CS: I think, especially when you do work about childhood, you go to your memories, the teenage years even more so, even more vivid because it's closer. But I think you have to talk a little bit about what you know, about what is true, so that you can bring fiction [to it]. If I'm talking about a fifty year old man, I don't know anything about that, so I think It's not going to be great storytelling, whereas, talking about childhood and teenagehood, as a rookie, as a coming of age director, I feel like I can go further from my life. It's not really autobiographical, I remember how it felt, so I have the feeling and then I can build characters that are very far away from me. But of course, especially in Tomboy, there are things that are memories from my own childhood, like the relationship between the two sisters, that's really something that is mine.

Sam: The other thing that is really central in Tomboy is the issue of gender, and I think it's going to provoke a lot of debate with audiences; is she transsexual, its it just a phase? Is that something that you decided for yourself, and did you discuss that with Zoe, who plays Laure?

CS:Well, I have my own opinion of course about who she's going to become, even if it's not in the movie, the movies contains all the hypotheses - willingly - that way everybody can connect. We talked, me and Zoe, about how she felt about the character, about who she was going to become, we talked about her opinion, because that's the one that really...

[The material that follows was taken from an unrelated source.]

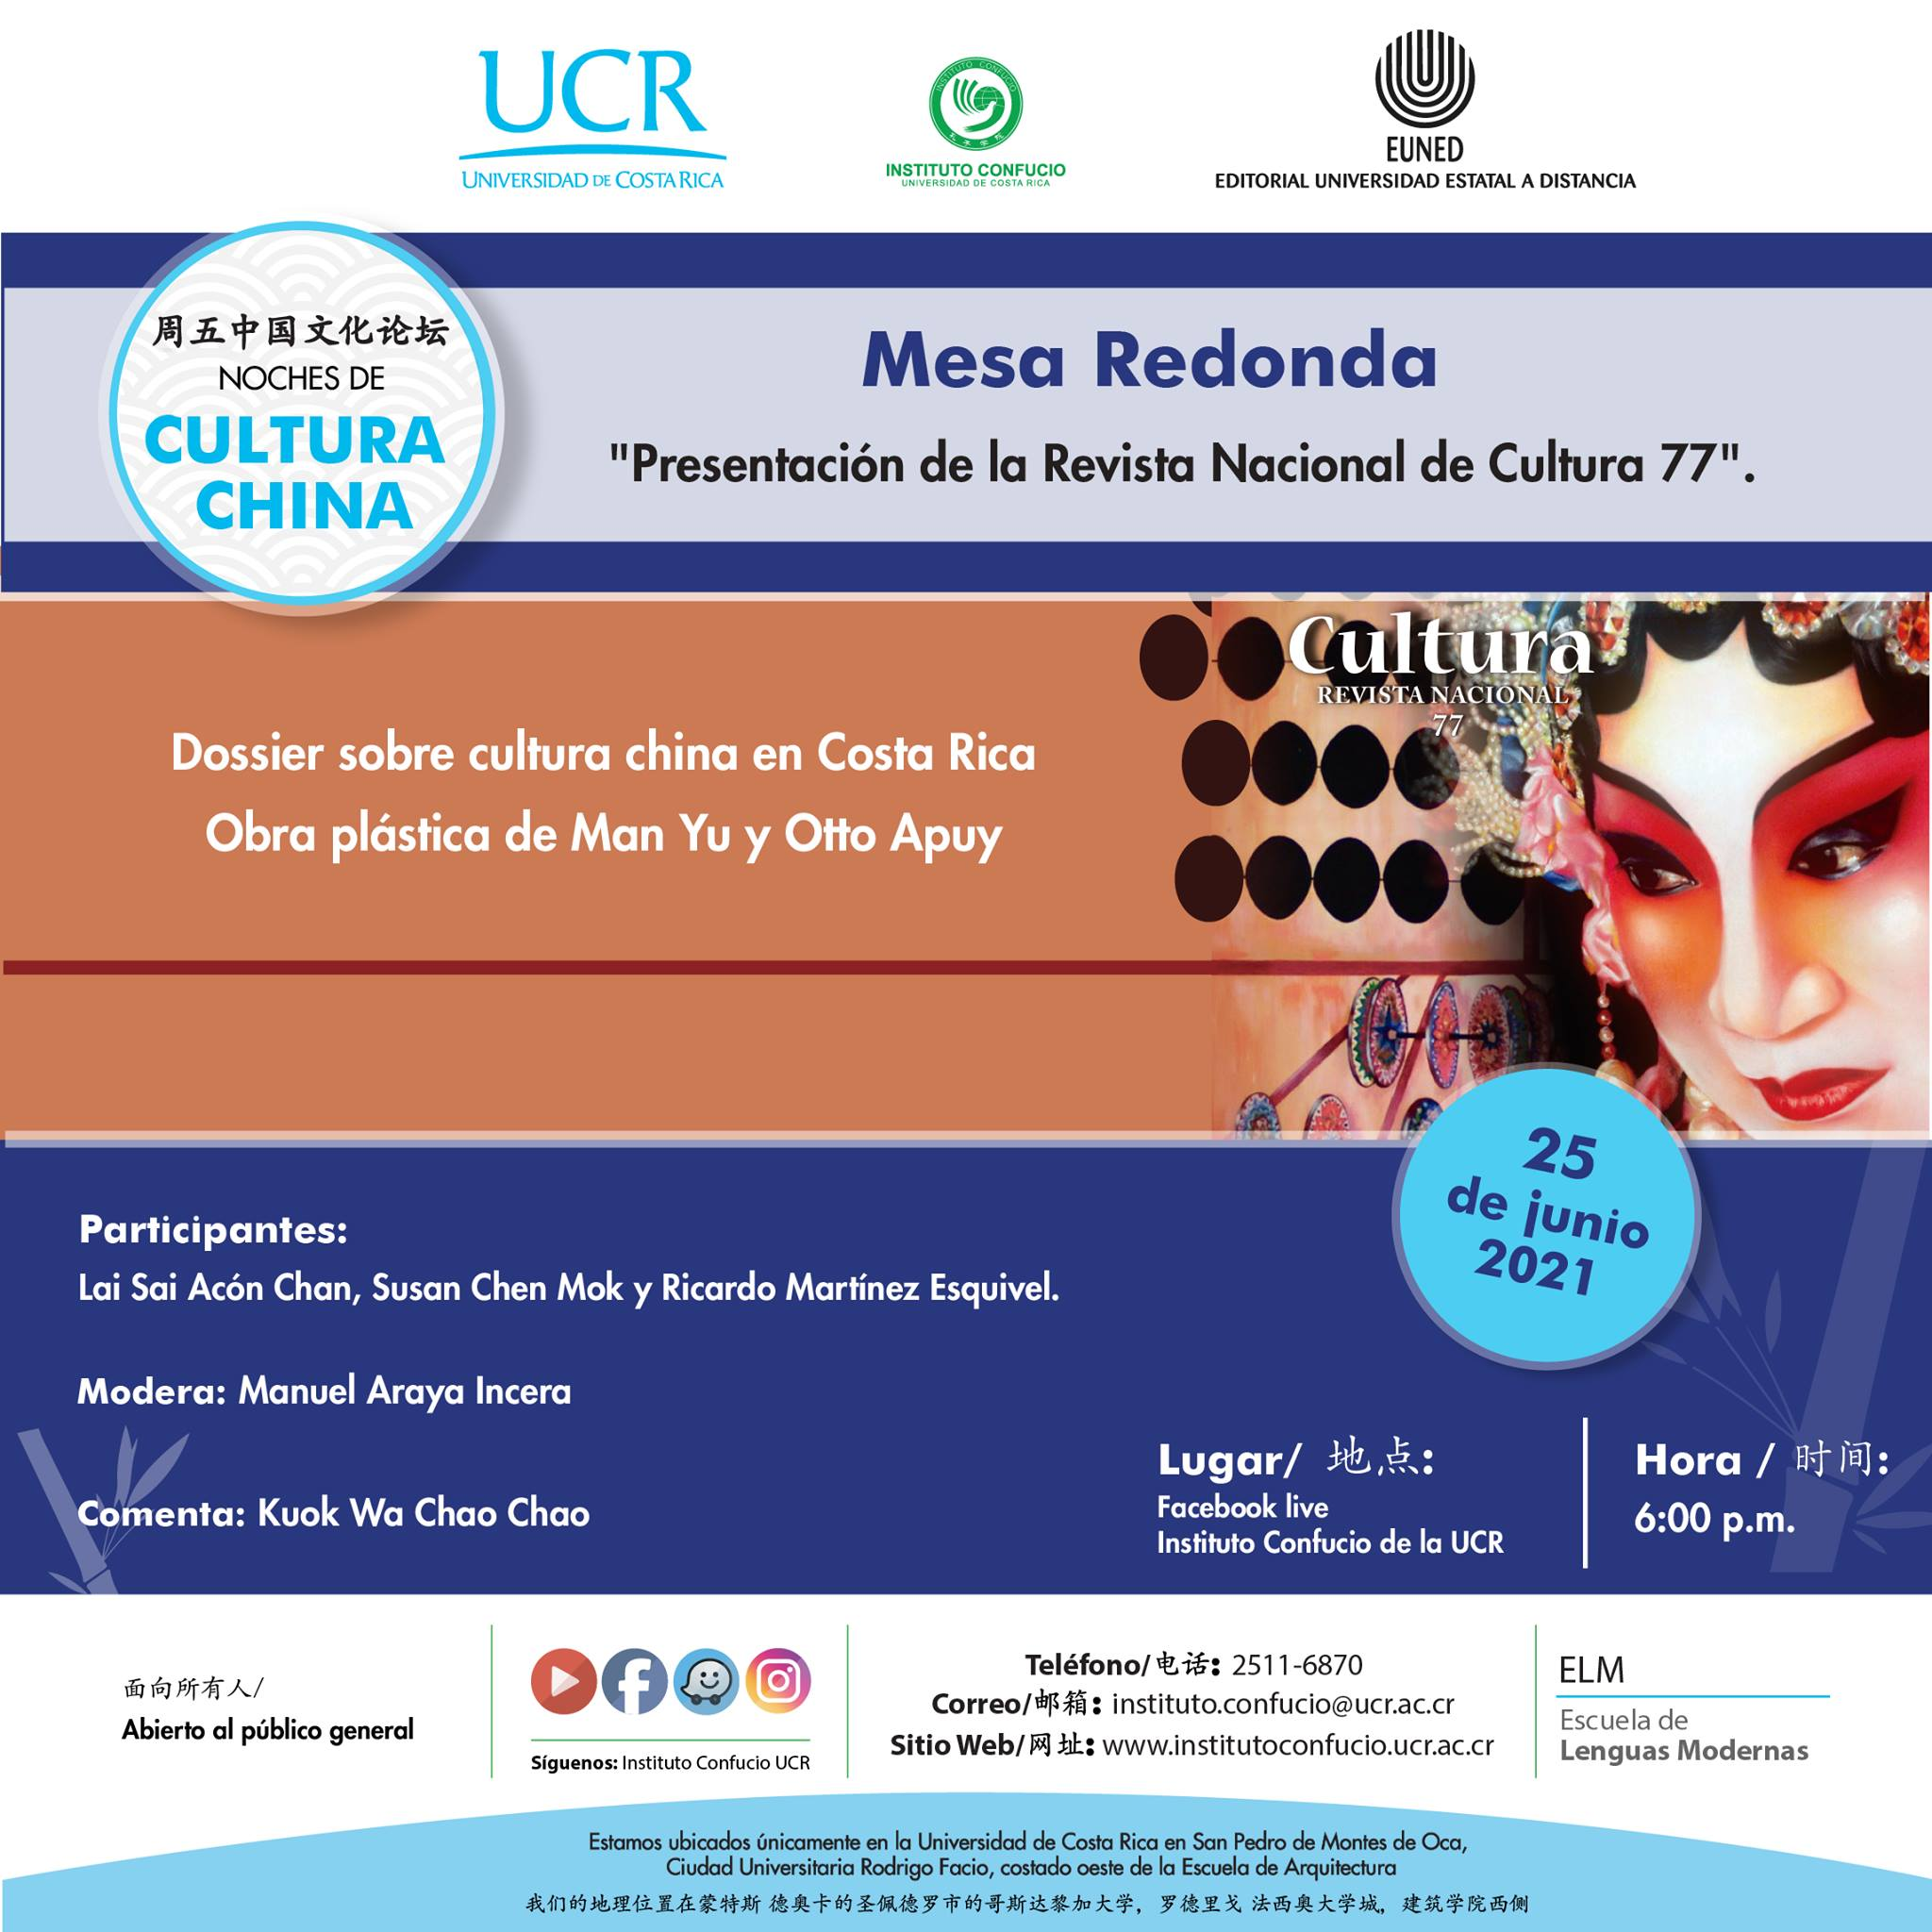 Presentación Revista Nacional de Cultura 77

Sam: She's quite young to have a defined take on that.

CS: Of course, that's why it was interesting that she really connects with the character. To her it was just a phase, and that as important for her, that it was just a phase because then she could go really deep into the phase.

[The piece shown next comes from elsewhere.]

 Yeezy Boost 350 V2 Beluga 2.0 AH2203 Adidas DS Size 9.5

Sam: Does that come from the fact that she's actually quite a girly girl?

CS: She's not that girly, no. She was kind of boyish actually. She doesn't have the short hair, she had that for the movie but now it's grown back, but she's the kind of girl who plays with the boys and she's very childish, very into childhood, not interested in boys or girls, she just plays soccer everyday, basketball, she's really an outdoor little girl. She's kind of boyish, and that's why I think she connects, and why she thinks it's just a phase, because for herself she thinks it's just a phase.



Sam: Talking of playing with the boys, you cast some of Zoe's real life friends as her friends in the movie. One of the things that fascinated me about both Water Lilies and Tomboy is that you have very naturalistic performances from very young and generally quite inexperienced actors. o how do you work with them as a director, do you stick close to the script?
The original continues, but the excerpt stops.